Communalism is a term historically used to denote attempts to construct religious or ethnic identity, incite strife between people identified as different communities, and to foment communal violence between those groups, particularly in Asia. It derives from history, differences in beliefs, and tensions between the communities. Communalism is a significant social issue in India, Bangladesh, Pakistan and Sri Lanka. Recent, communal conflicts between religious communities in India, Pakistan and Bangladesh, especially Hindus and Muslims have occurred since the period of British colonial rule, occasionally leading to serious inter-communal violence.

The term communalism was coined by the British colonial government as it wrestled to manage Hindu-Muslim riots and other violence between religious, ethnic and disparate groups in its colonies, particularly in British West Africa and the Cape Colony, in the early years of the 20th century.

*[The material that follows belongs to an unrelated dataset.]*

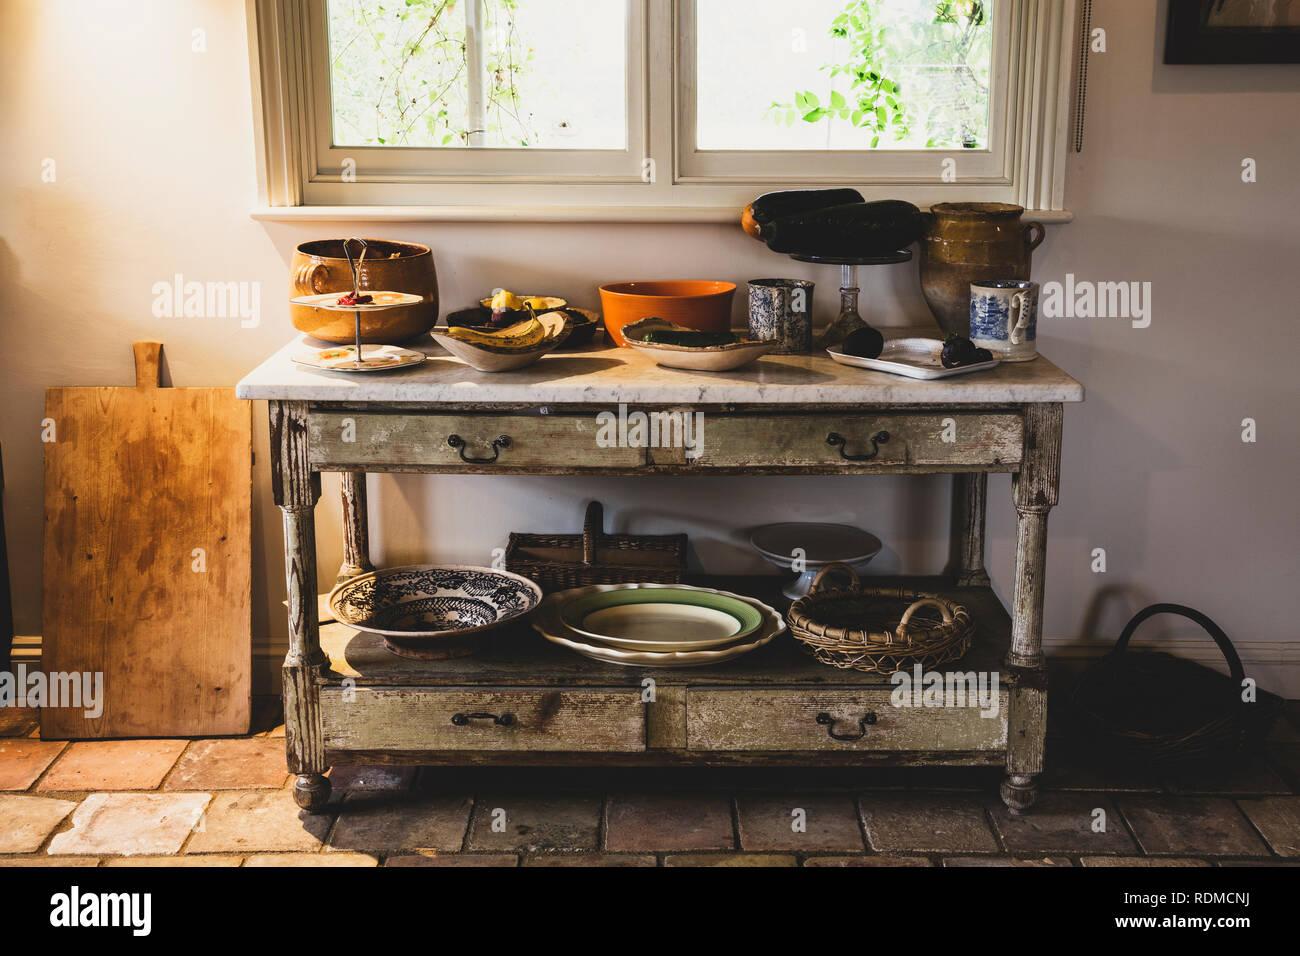 Credenza Con Tagliere : Selezione di terraglia ciotole e piatti sulla corte antica credenza

The 4th Earl of Minto was called the father of communal electorates for legalising communalism by the Morley-Minto Act in 1909. The All-India Muslim League and the Hindu Mahasabha represented such communal interests, and the Indian National Congress represented an overarching "nationalist" vision. In the runup to independence in 1947, communalism and nationalism came to be competing ideologies and led to the division of British India into Pakistan and the Republic of India. British historians have attributed the cause of the partition to the communalism of Jinnah.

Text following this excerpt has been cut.